La communication passe - entre autres - par des mots, qui sont les "briques" avec lesquelles se construit l'expression verbale. Plus leur sens est précis et maîtrisé, plus celle-ci est riche et efficace... à condition que les mots employés aient le même sens pour tous les interlocuteurs. Mais aussi à condition que ceux-ci se situent sur des registres de communication compatibles. Au-delà de segmentations classiques des registres du langage - conceptuel, factuel, émotionnel... - il existe d'autres lignes de fracture, dont les conséquences pratiques ne sont pas négligeables : communiquez-vous pour prouver aux autres que vous avez raison, pour leur faire faire quelque chose ou pour grandir ensemble ? Votre interlocuteur est-il sur le même registre que vous ? Si ce n'est pas le cas, que faut-il en conclure ?

  Communication de persuasion . . Communication d'influence . . Communication stratégique

Illustration du poids des mots : lors de la 2e Guerre mondiale, les Anglais ont demandé aux Américains de leur envoyer du blé et ils ont reçu du maïs, simplement parce que les uns et les autres parlaient de corn, terme désignant ici le blé et là le maïs.
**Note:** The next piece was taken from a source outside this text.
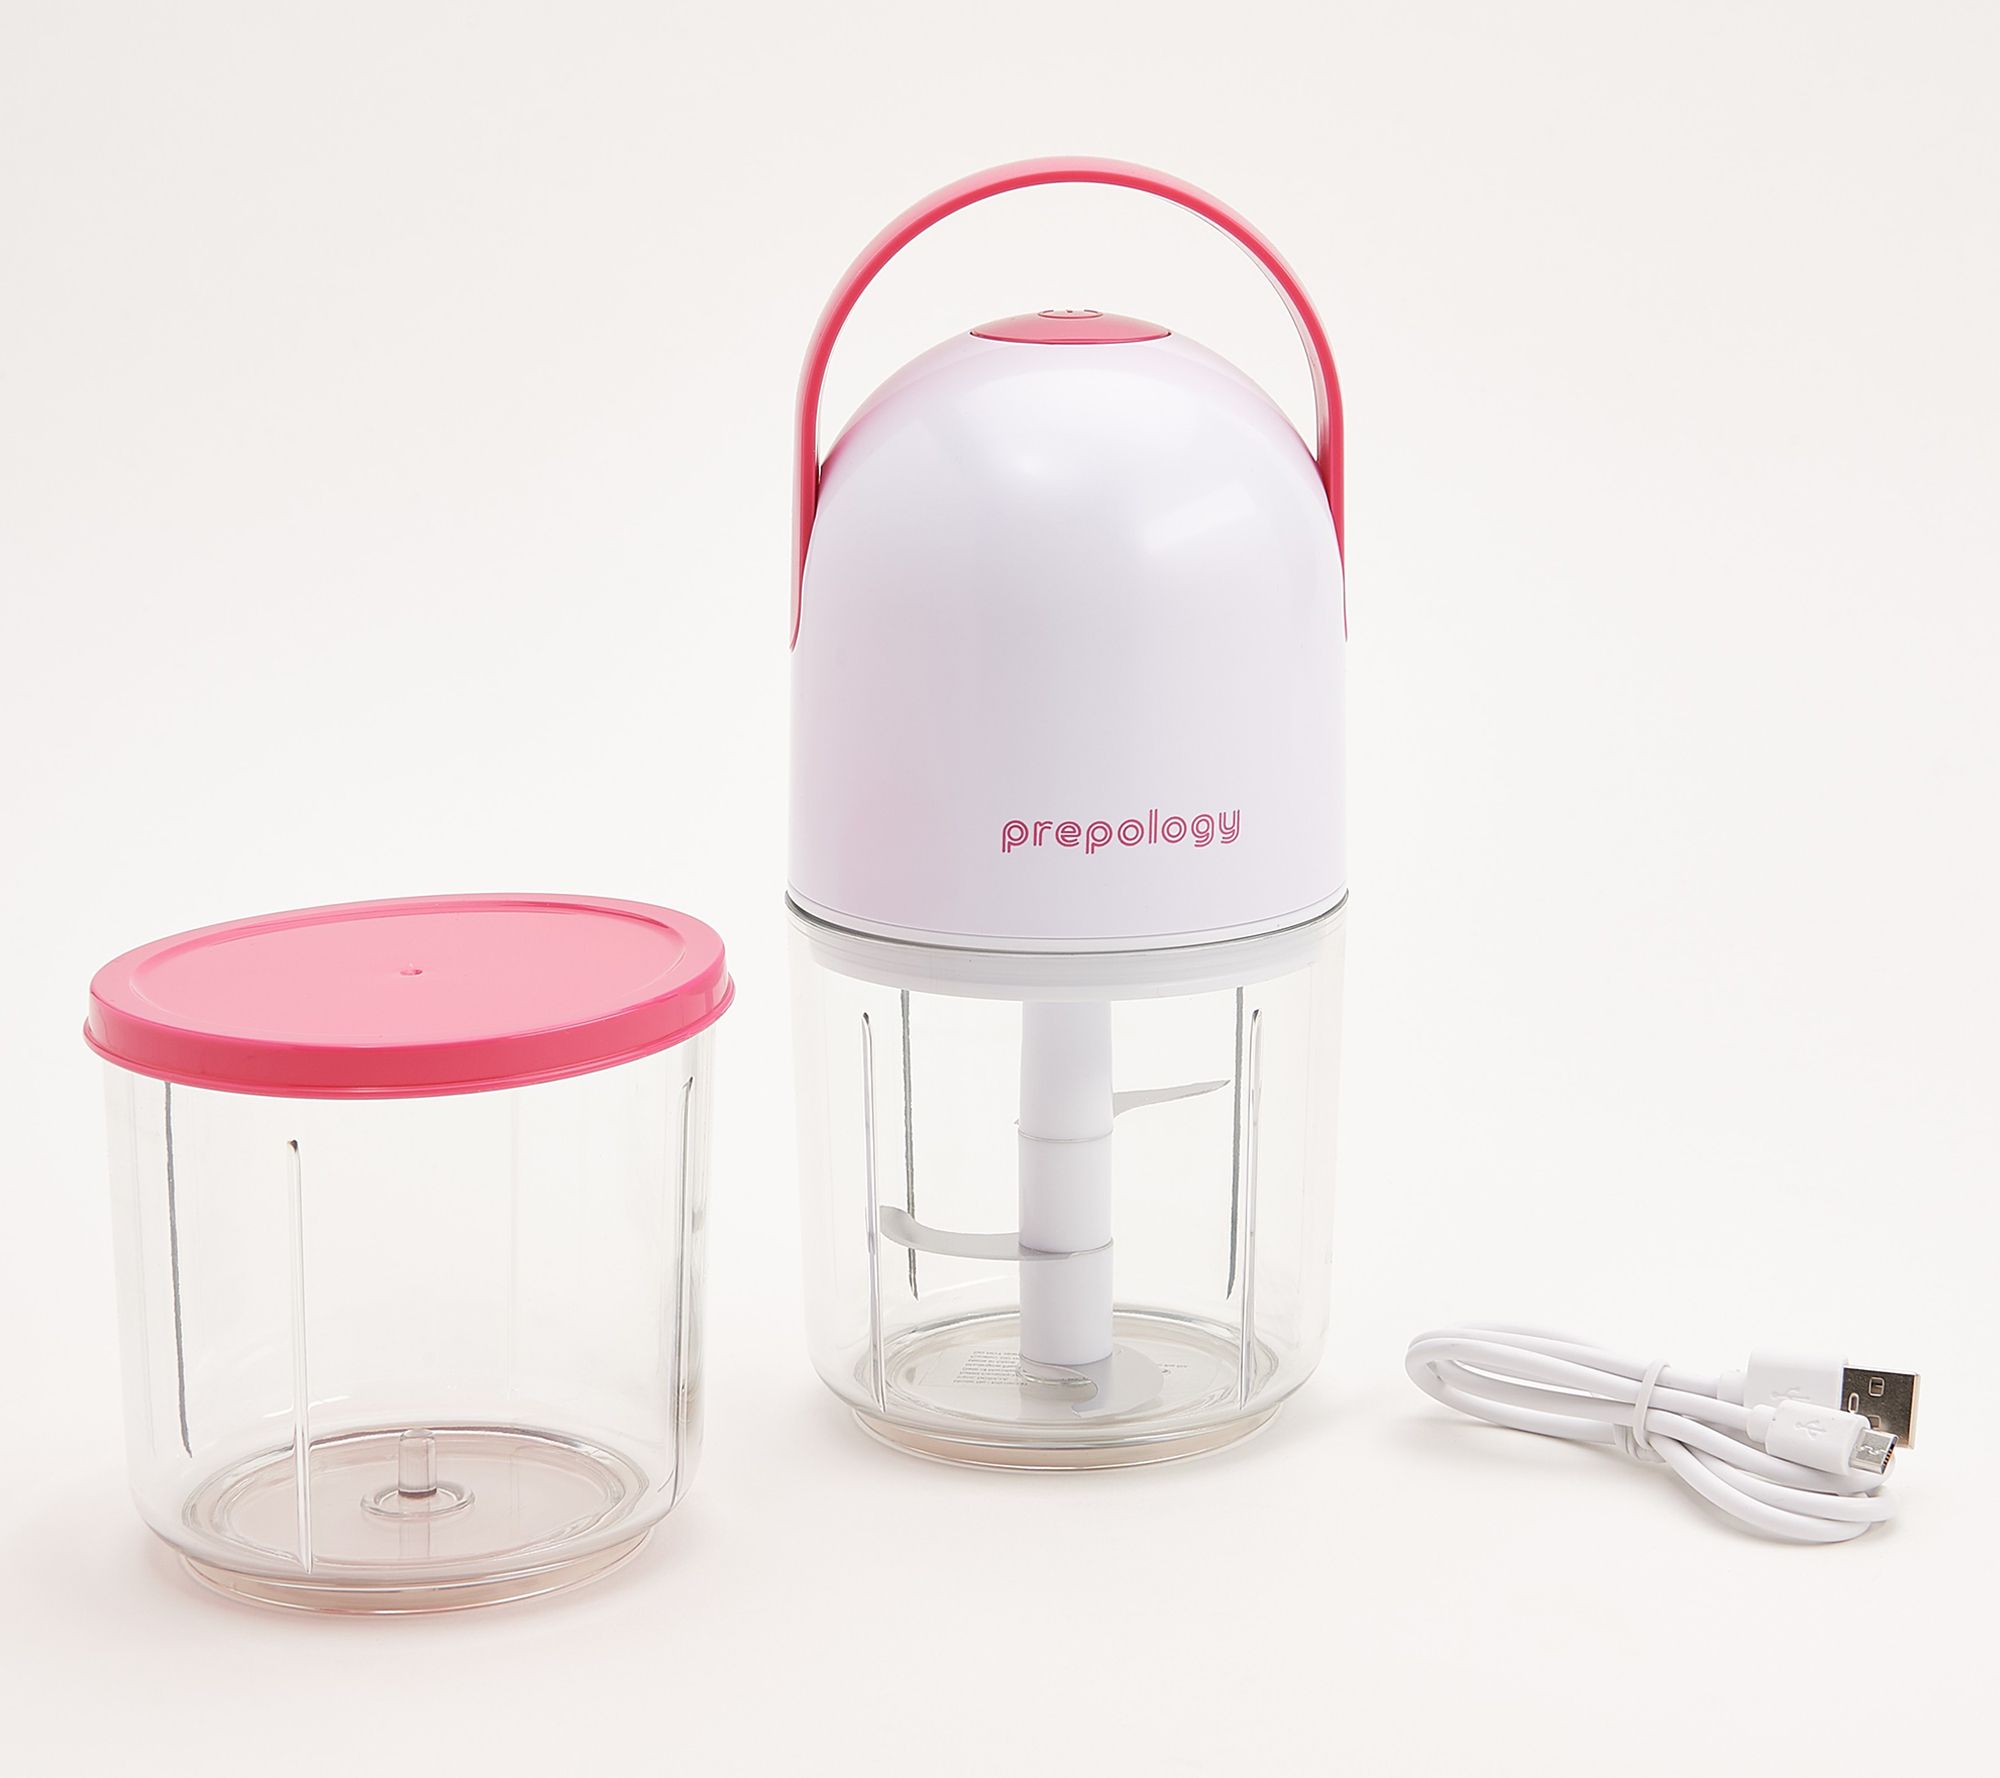 Portable Mini Electric Food Grinder And Chopper - Inspire Uplift

Autre exemple, plus courant, où les protagonistes sont en principe plus proches : un patron et un délégué syndical donnent-ils le même sens aux mots qu'ils emploient ? Au hasard : restructuration, polyvalence, classifications... Quand on veut échanger ou partager, négocier ou coopérer, on a besoin de termes ayant la même signification pour tous. Le besoin est d'autant plus fort quand on est face à quelqu'un qui tient délibérément des propos équivoques pour vous abuser, vous fragiliser ou vous déstabiliser : une communication fondée sur des termes flous ou dénaturés a la même valeur qu'une construction réalisée avec des briques fragiles ou qu'un système financier assis sur des créances viciées... Or ce type de communication se rencontre parfois, notamment dans une société de l'information où la désinformation a su proliférer...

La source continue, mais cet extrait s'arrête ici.